Taylor King should love Duke's offense. He will get to do what he does best, chuck up three pointers. King has talent and is a good shooter, but he takes A LOT of bad shots. I dont think that will be too much of a problem, because K will change his shot selection.




> Bayless should pick up something like 15 and 4, but he'll need to watch the ball waaay more carefully than he's used to if he's going to primarily play as a PG.


I am confident that Lute is not going to change Bayless' game. He is a scoring point guard who still sets up his teammates. Lute is known for giving scoring PGs the green light, the most notable being Damon Stoudamire. Damon led the Pac-10 and scoring and assists his senior season. Chase is the go-to guy next season, but after him its McClellan and Bayless. I think Bayless can reach 18 ppg depending on what happens with McClellan, but I agree I think 15 would be more realistic.




> If for some baffling reason Pruitt leaves, Mayo could average 19, 6 and 4, but being a primary ball-handler in the Pac-10 isn't ideal for him, and Floyd would probably run Hackett at PG anyway.


Pruitt is considering leaving. He is have a nice run of games this past month or so and he knows his future is at PG in the NBA. If he comes back to play with Mayo he isnt going to get the same numbers or time at PG as this season. As for Mayo, I believe he wants to play PG in the NBA and college. He is only attending SC because of his marketing opportunities and the chance to be "the man". He is going to have an impressive year and it isnt out of the possibility he puts up 18 or 19 points, 6 assists, and arond 4 rebounds.


----------



## TucsonClip (Sep 2, 2002)

TM said:


> TC starting rumors again :naughty:


Oh trust me, I am not starting them. These rumors are in the process of happening. Now if they happen for sure or not is still to be decided.

:biggrin: 

For the record I hate Duke, but I love Lance Thomas and Kyle Singler, and respect Coach K.


----------



## TM (Jun 30, 2003)

So which message board did you get them from?

Going to UA? Or Rutgers?


----------



## TucsonClip (Sep 2, 2002)

Nimreitz said:


> Here's the only prediction I'll make... Luc Richard Mbah a Moute will out-rebound Kevin Love next season. There's always a lot of optimism about NBA rookies and college freshmen, but come on. Mbah a Moute is established in the lineup and plays at 100 miles per hour with a nose for the ball. Love will be alright, but he won't be playing more than 28 minutes per game anyway. Much less coming into a completely new environment and league and trying to hit the ground running. Some people are looking to him to be the star and lead the Bruins next year. Come on!


Very possible... Mbah a Moute is going to be counted on along with Collison. I think Afflalo leaves, but there is still a possibility he returns.

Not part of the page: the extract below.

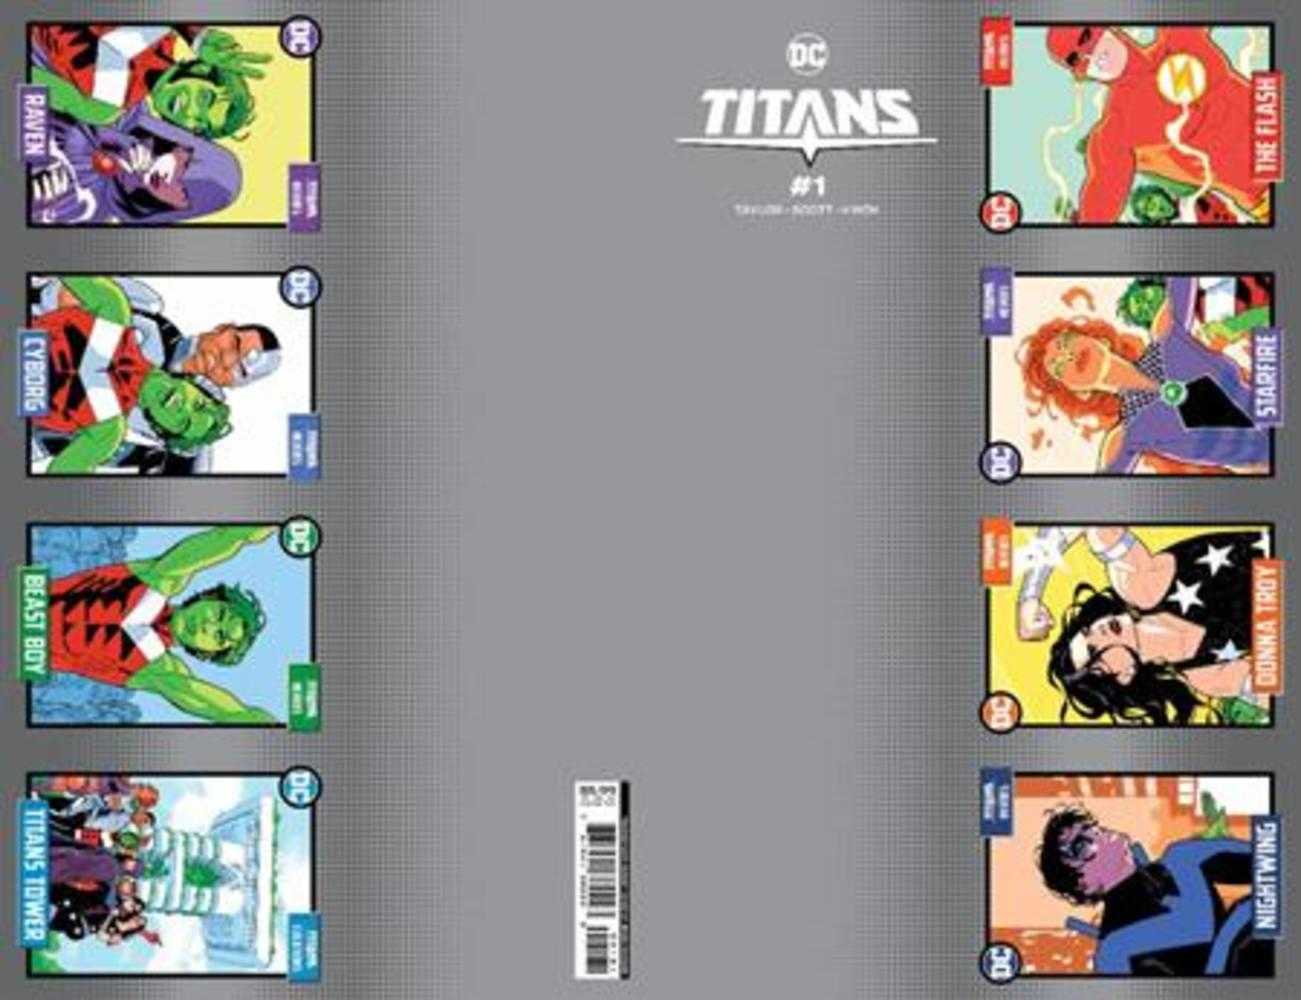 Titans #1 Cover H Perforation Trading Card Card Stock Variant - The Fourth Place

The Prince SHOULD lead the team in rebounds, because that is his game. He is athletic, a good rebounder, and should clean the boards and score easy baskets. I think Love will be a nice focal point of UCLA's offense later in the season, but its hard to say a freshman is going to out rebound a guy who is a very good rebounder and should play 30 mins per game


----------



## Jonathan Watters (Jul 20, 2002)

TM, the rumors are everywhere. I am sure you have made mention of negative rumors about another program at some point in your illustrious 8-billion post career here at bbb.net. Why is it that he is "spreading rumors", and why is it that fans of specific programs have no problem discussing these rumors unless the gossip happens to be about something that could negatively affect their program?

Because unless you personally know the source of the rumor and can confirm from him that it is false, somebody telling you a rumor is false on a message board and then expecting everybody else to take that as gospel and disbelieve the original rumor because it was started on a message board...

Well, you get the point.


----------



## TucsonClip (Sep 2, 2002)

TM said:


> So which message board did you get them from?
> 
> Going to UA? Or Rutgers?


He isnt going anywhere yet, he has to ask for a release and Coach K has to grant him one. I dont think anything happens for a while, because like I said he has to ask for a release first, which he hasnt. 

Will he? I am not sure, but him transferring isnt out of the question. 

As for what message board, I can assure you there will be no solid information (or intelligent discussion) on any message board you search; Rutgers or Arizona.


----------



## TM (Jun 30, 2003)

b/c it's TC and I do this to him every time he posts about someone transferring.



> 8-billion post career here at bbb.net


someday.... someday.... :biggrin:



> why is it that fans of specific programs have no problem discussing these rumors unless the gossip happens to be about something that could negatively affect their program?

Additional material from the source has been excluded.